Objective: We aimed to characterize caffeine PK in neonates with HIE receiving therapeutic hypothermia.

Design/Methods: We performed an open-label, non-randomized, dose escalating PK and safety trial of caffeine in neonates with HIE. We included neonates born ≥36 weeks gestational age and receiving therapeutic hypothermia. All neonates received a 20 mg/kg loading dose of caffeine in the first 24 hours of life followed by up to 2 daily doses of 5 mg/kg (n=9) or 10 mg/kg (n=8). We performed a population PK analysis using NONMEM. The effects of clinical covariates, including cooling, on PK parameters were evaluated. Dosing simulations were conducted to target concentrations of 15-25 mg/L for apnea of prematurity efficacy and < 46 mg/L for safety.

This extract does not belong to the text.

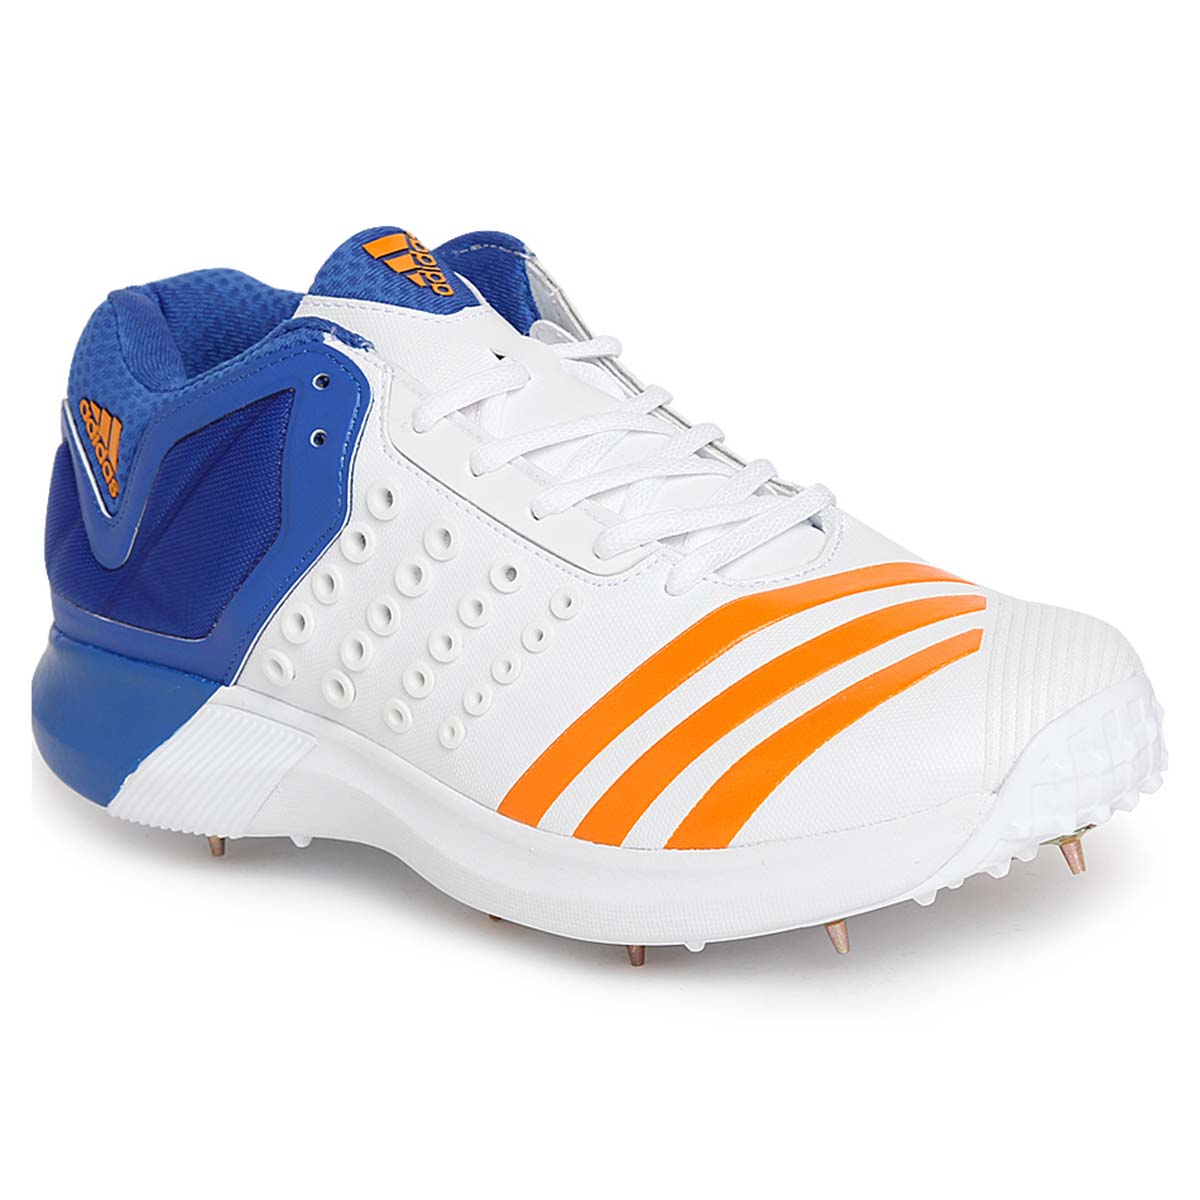 Buy Adidas AdiPower Vector Mid Cricket
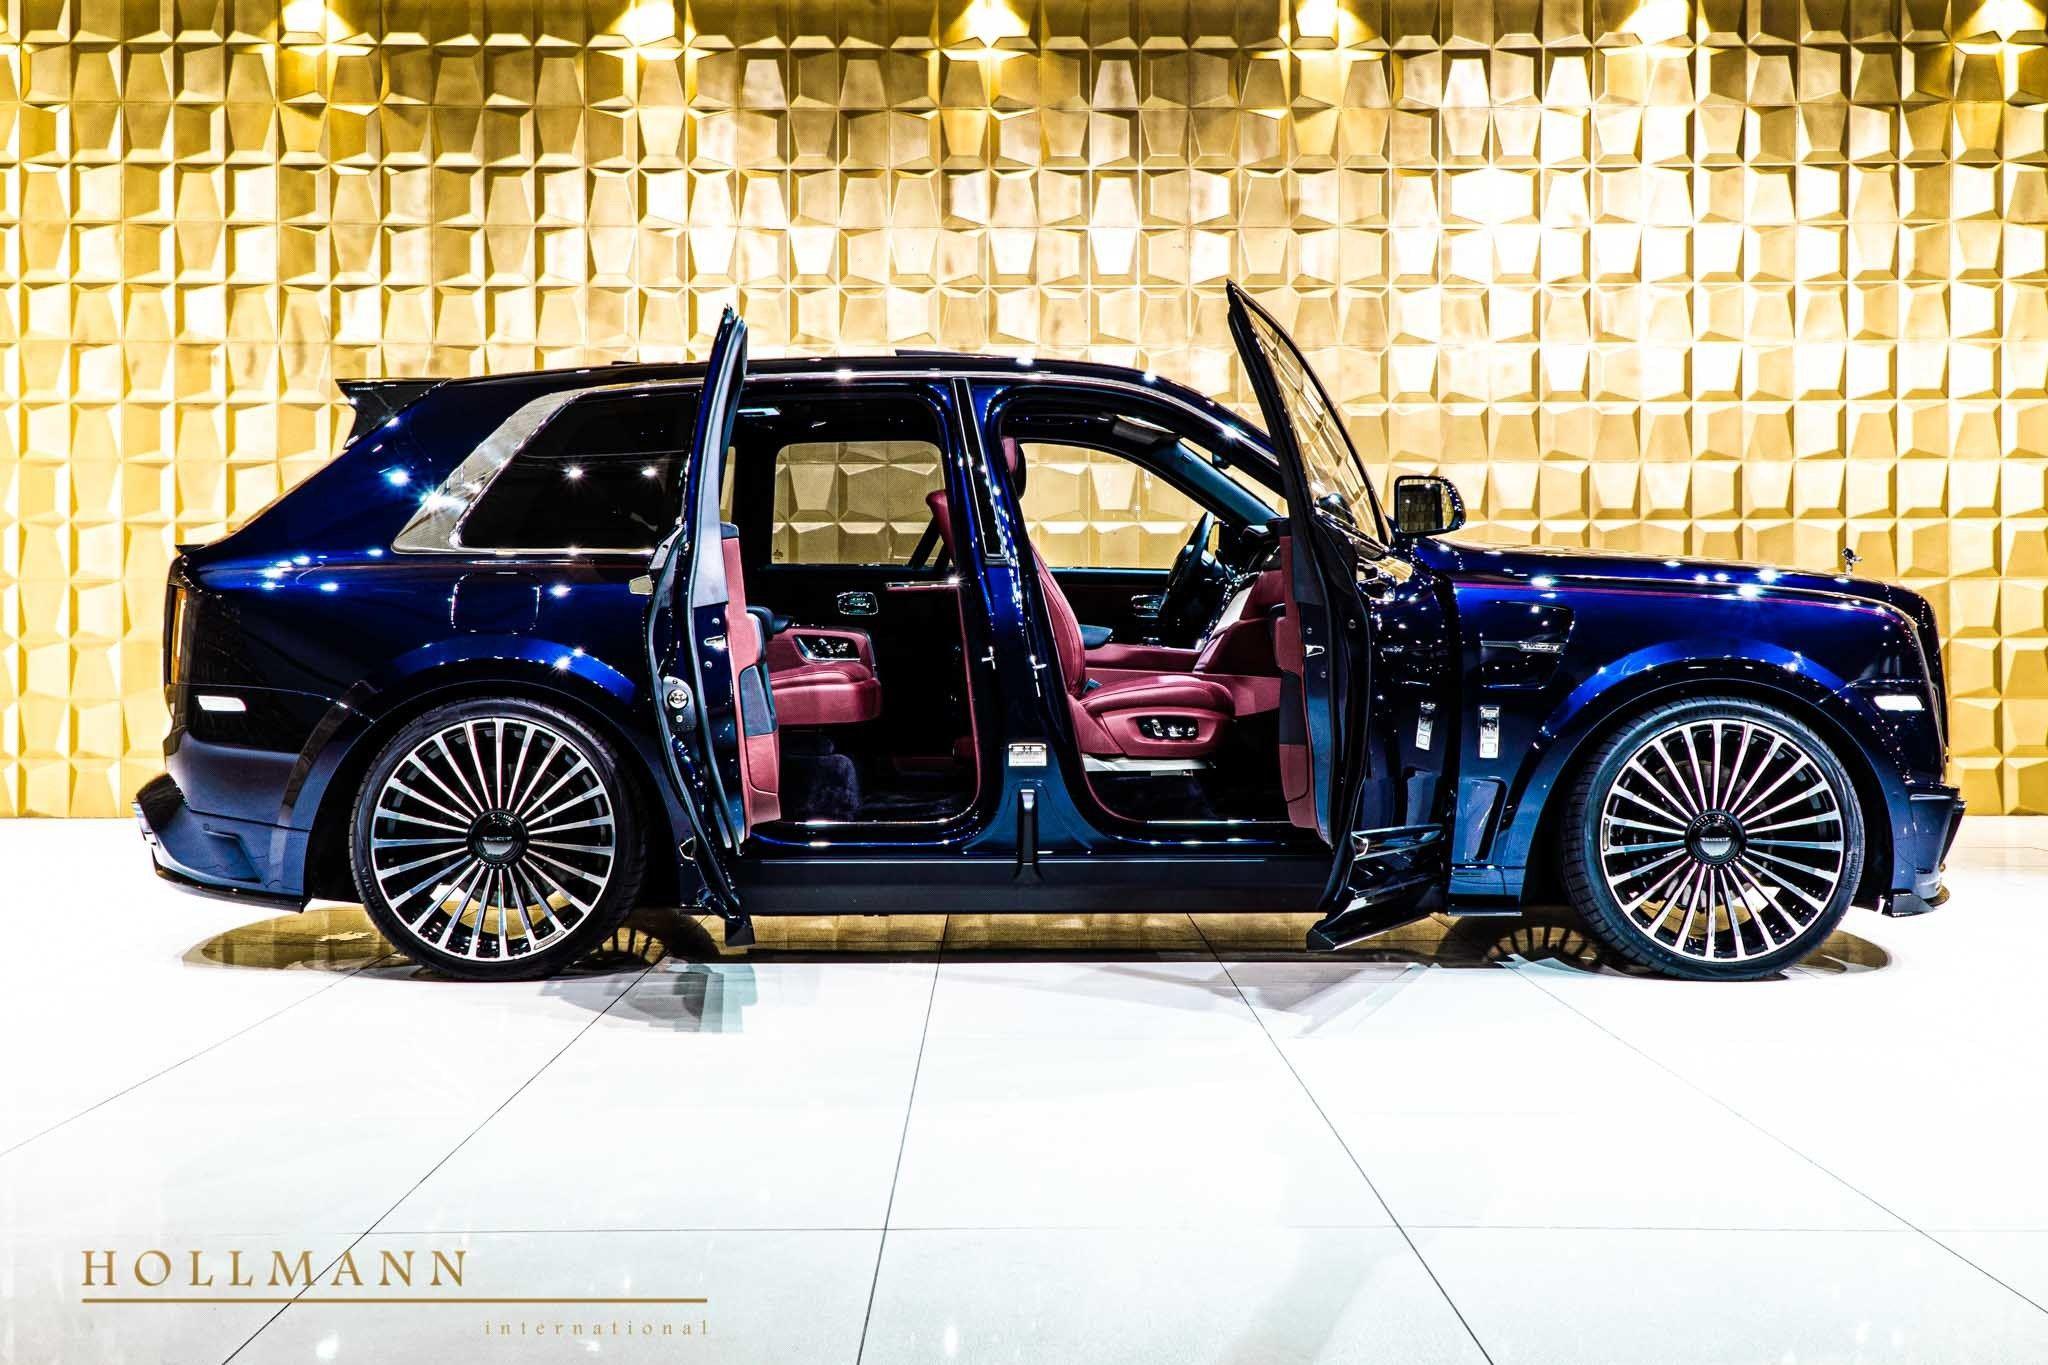 Rolls Royce Cullinan By Mansory Hollmann Luxury Pulse Cars Germany For Sale On Luxurypulse Luxury Cars Rolls Royce Rolls Royce Cullinan Rolls Royce

Results: A total of 17 neonates were enrolled and 112 PK samples were collected. Cohort characteristics are shown in Table 1. Two neonates withdrew from the study early: one for withdrawal of care and one for new seizure activity. A 1-compartment model best fit the data and is described by the following equations:
CLi (L/h/70kg)=0.445 * (WTi/70)^0.75
Vi (L/70kg)=87.1 * (WTi/70)
Population parameters are shown in Table 2. Cooling was not a significant covariate in our small cohort of neonates. In a virtual population of 1000 neonates, average steady state concentrations were simulated (Figure 1). In the low dose group, 53% of simulated observations were below the therapeutic level of 15 mg/L and none were above the safety threshold of 46 mg/L. In the high dose group, 5.3% of simulated observations were below the therapeutic level and only 0.05% of concentrations were above the safety threshold.

Conclusion(s): A one compartment model best described caffeine PK in term neonates undergoing cooling for HIE. Weight-normalized CL was similar to previously reported values in preterm neonates, but weight-normalized V was ~25% larger. High dose caffeine resulted in more therapeutic exposures without significant safety concerns, although exposure targets are not yet defined for neuroprotection in HIE. Further studies should explore if higher caffeine exposures improve outcomes without increased adverse events.